Friday, December 29, 2006

Embracing the inevitable

I have diligently written this blog for months now. Catholic Deacon is a blog orginating from behind what KRCL, an independent community radio station in Salt Lake City, has for years called the Zion curtain. In that time I have posted nothing on the Church of Jesus Christ of Latter-day Saints, known more popularly as the Mormons for their belief in the Book of Mormon as another testimony of Jesus Christ. So, it is nice to direct readers to the always thoughtful Fr. Richard John Neuhaus, who writes over on On the Public Square: Observations and Contentions about Massachusetts governor Mitt Romney's potential bid for the presidency of the United States in 2008. As most of you know, Governor Romeny is an active and faithful member of the Church of Jesus Christ of Latter-day Saints.

Fr. Neuhaus' post takes the form of a critique of an article written by Jacob Weisberg of in the Financial Times. Mr. Weisberg's article is, indeed, very uncivil and quite ill-considered. I must also state that, like Fr. Neuhaus, I do not endorse Mitt Romney for president, nor do I have a favorable view of foundational LDS beliefs. Mr. Weisberg describes these beliefs as the "whoppers of Mormonism". A concise overview of these "whoppers" are "that Joseph Smith, directed by the angel Moroni, unearthed a book of golden plates buried in a hillside in western New York in 1827. The plates were inscribed in ‘reformed’ Egyptian hieroglyphics—a non-existent version of a language that had yet to be decoded with the help of the Rosetta stone.

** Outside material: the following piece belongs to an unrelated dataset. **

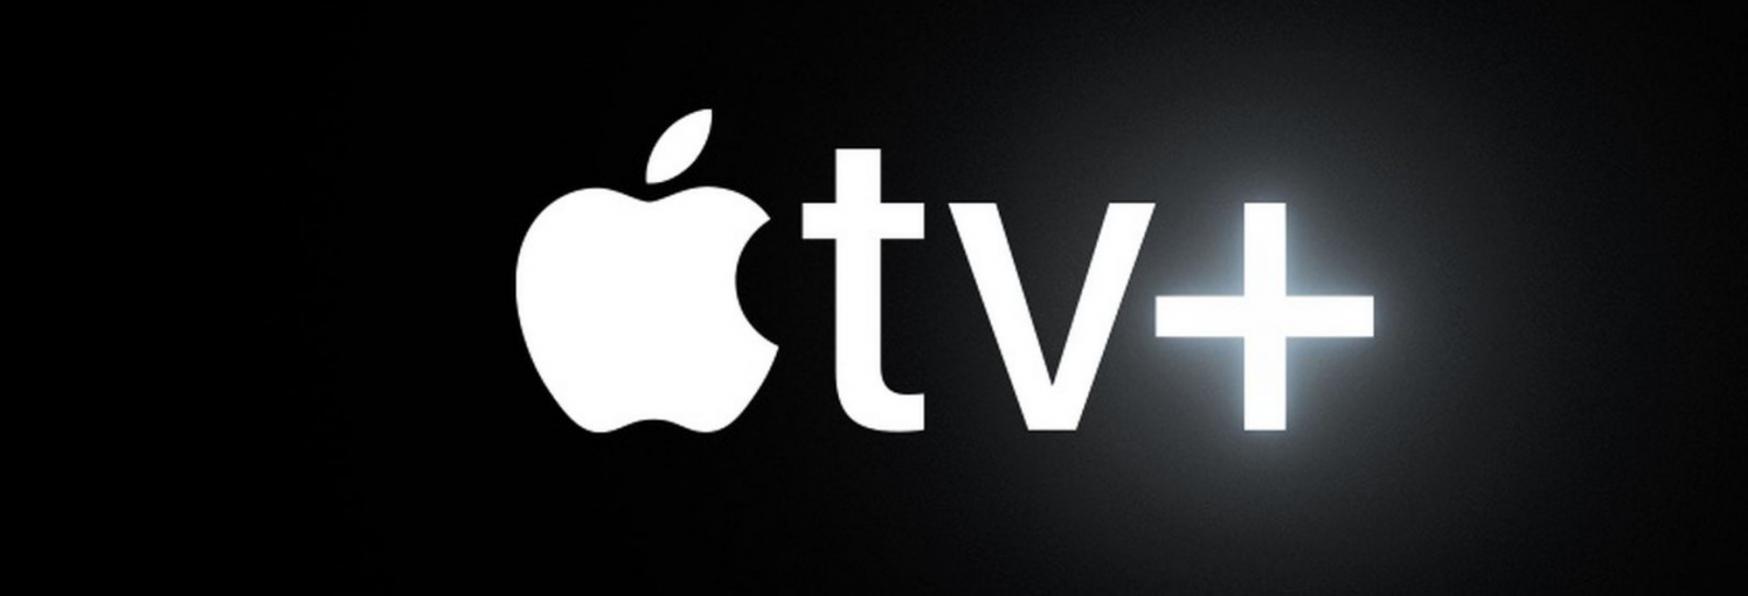 Now And Then: la Data di Uscita e le prime Immagini della nuova Serie TV di Apple
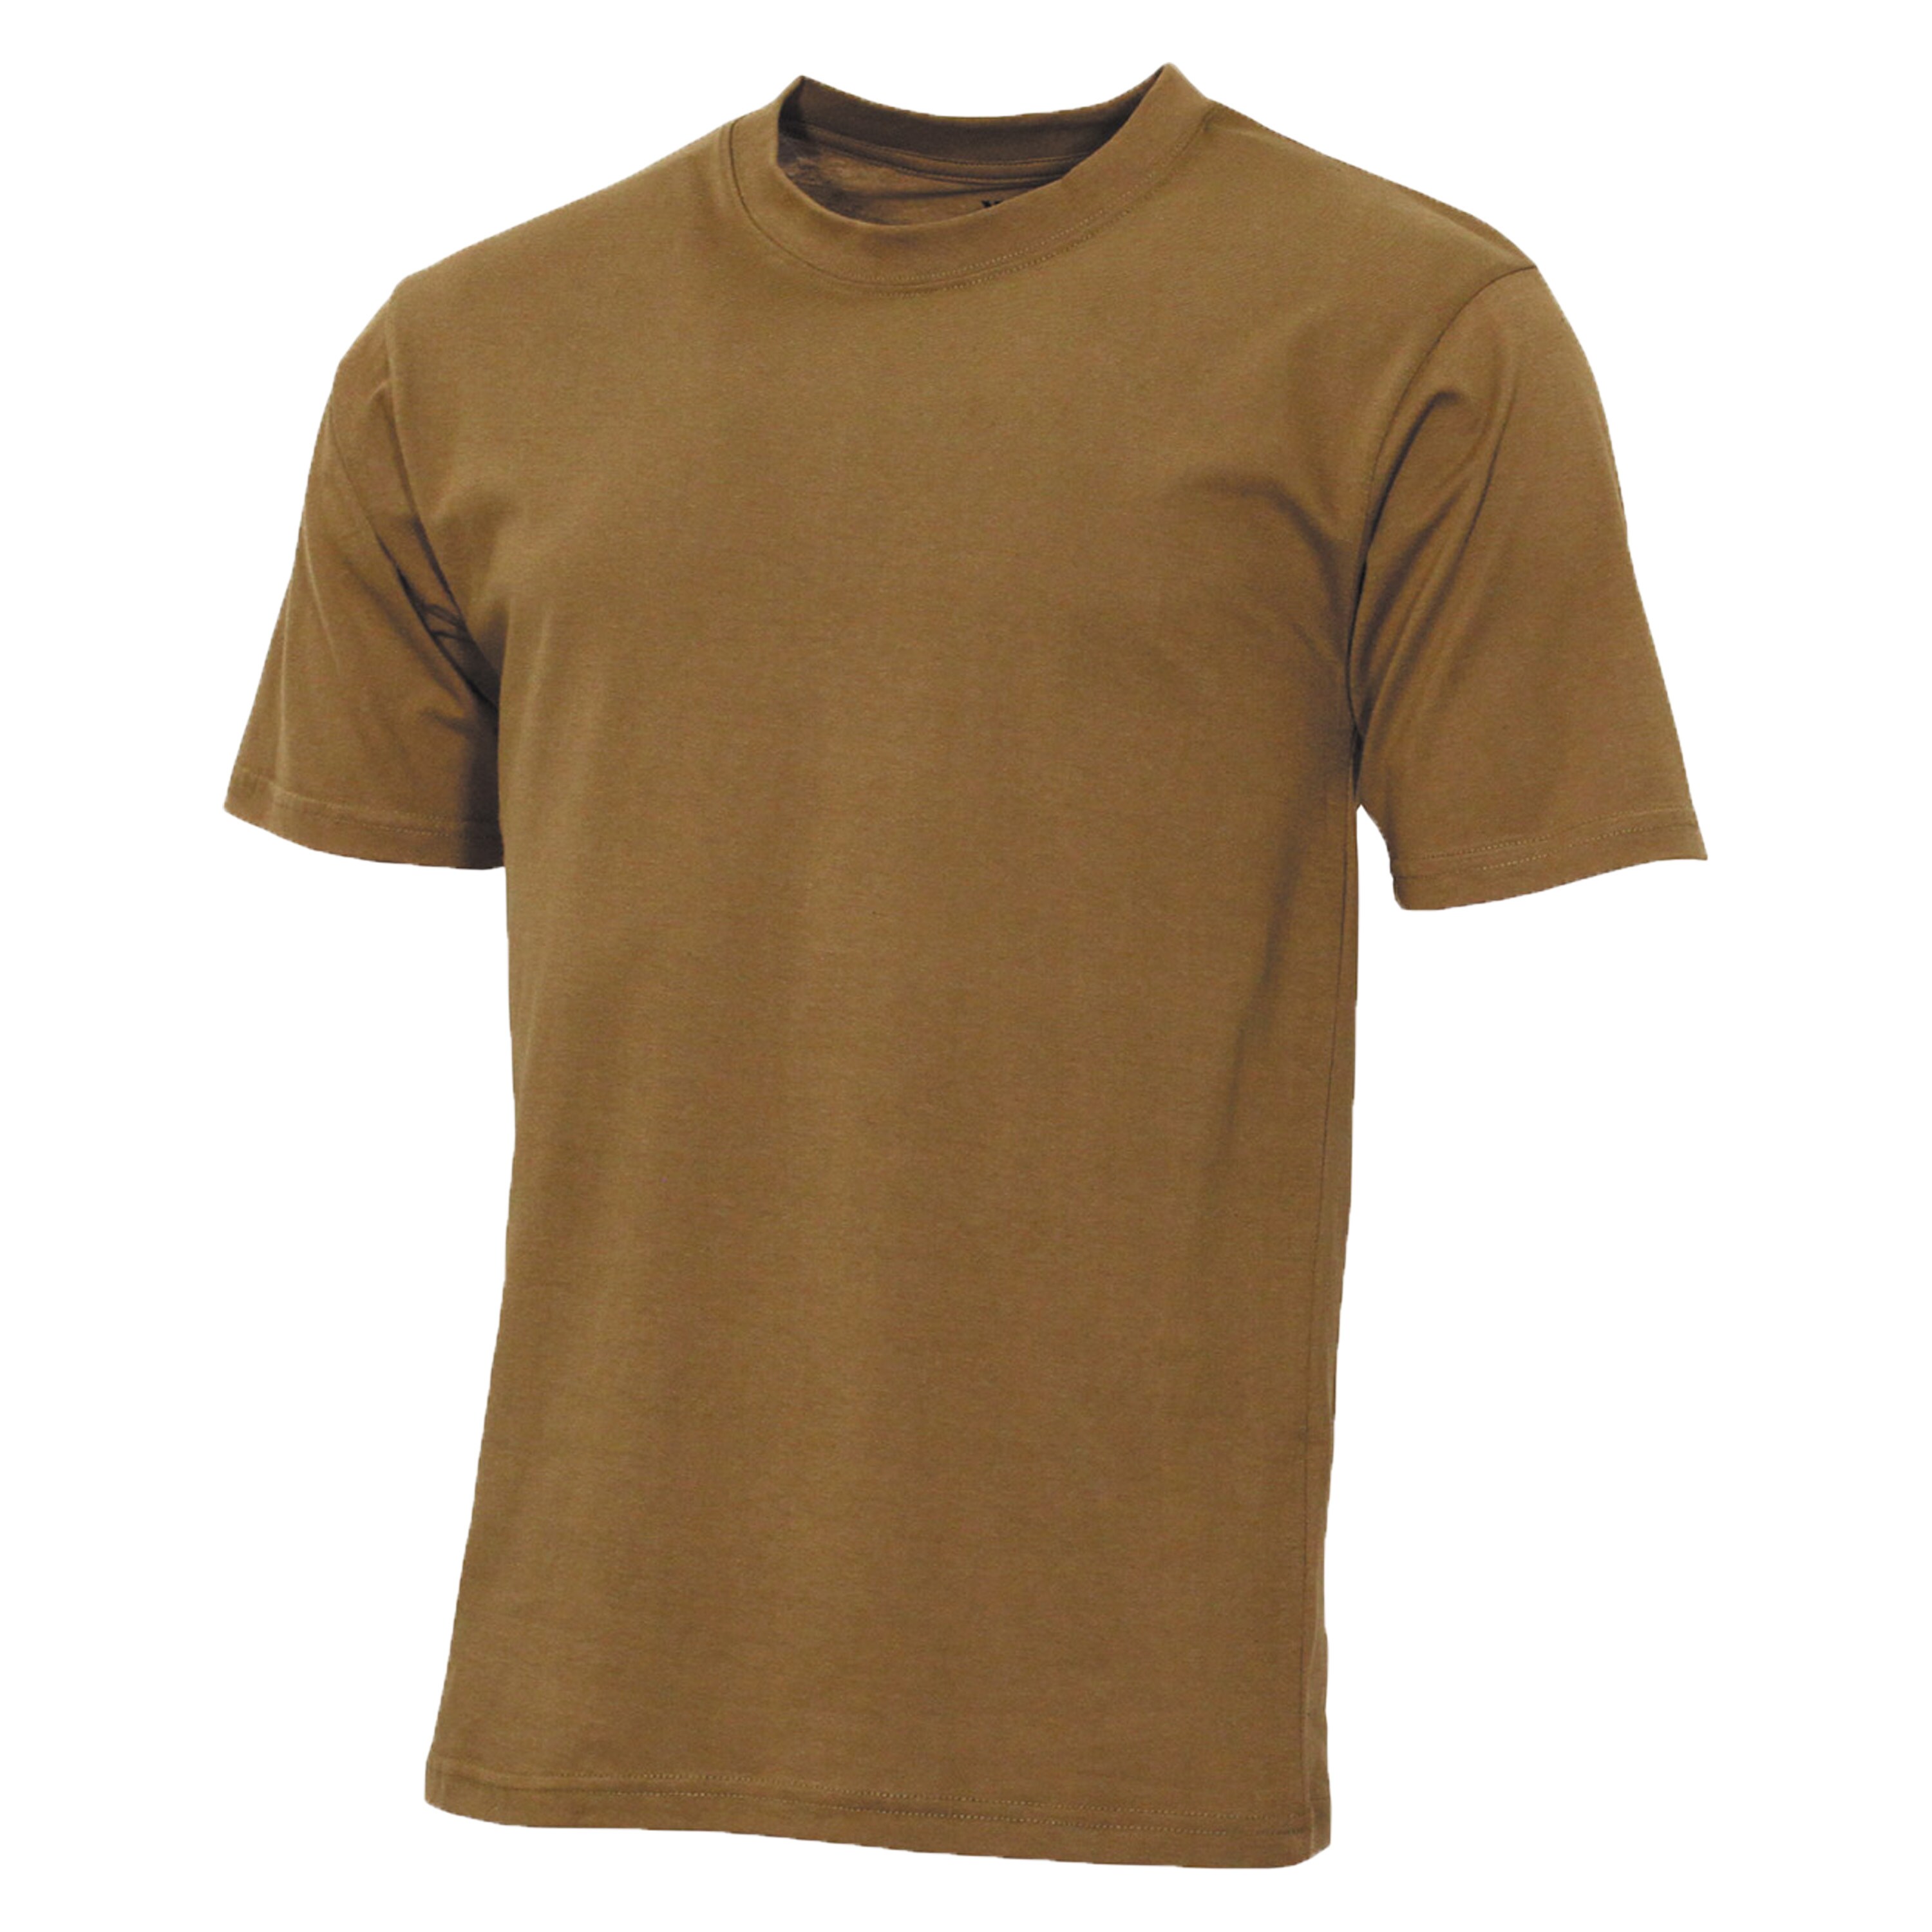 MFH T-Shirt TACTICAL manches courtes polyester noir Gris gris Coyote s-3xl kaki

Smith was able to dictate his translation of The Book of Mormon by looking through diamond-encrusted decoding glasses and burying his face in a hat". Along with Neuhaus, I also welcome the efforts by "very intelligent Mormons who are doing serious intellectual work to move their tradition toward a closer approximation of Christian orthodoxy".

I relate here something I never tire of repeating to catechumens and candidates: the mysterium fidei is not something unknown because it is unknowable. It is known only because God has deigned to reveal it. While these mysteries, which are truly beliefs of faith, which is a gift from God, they are not demonstrable by unaided natural reason. But this is not to concede that these beliefs are unreasonable. In other words, they are not only impervious to critiques rooted solely in reason, they are reasonable in their own right and give deep insights into the order of creation. One does not have to bracket reality to embrace Christianity. The central mystery of our faith, the mystery of the Triune God, is a good example. The Church does not propose for belief that 3=1. If that were the case the Trinity could be rejected as illogical and we could move on to the next possibility. Without belaboring this difficult point, it is another thing altogether to propose the Book of Mormon as an accurate, literal history of pre-Columbian America between 400 BC and 600 AD, when all evidence disproves such a fantasic proposal.

What Weisberg writes, as Neuhaus points out, indicts all religion and leads to conclusions far beyond what his arguments can support. Additionally, Fr. Neuhaus provides the link to a very thoughtful critique of the LDS Church that he published in March 2000, entitled Is Mormonism Christian?.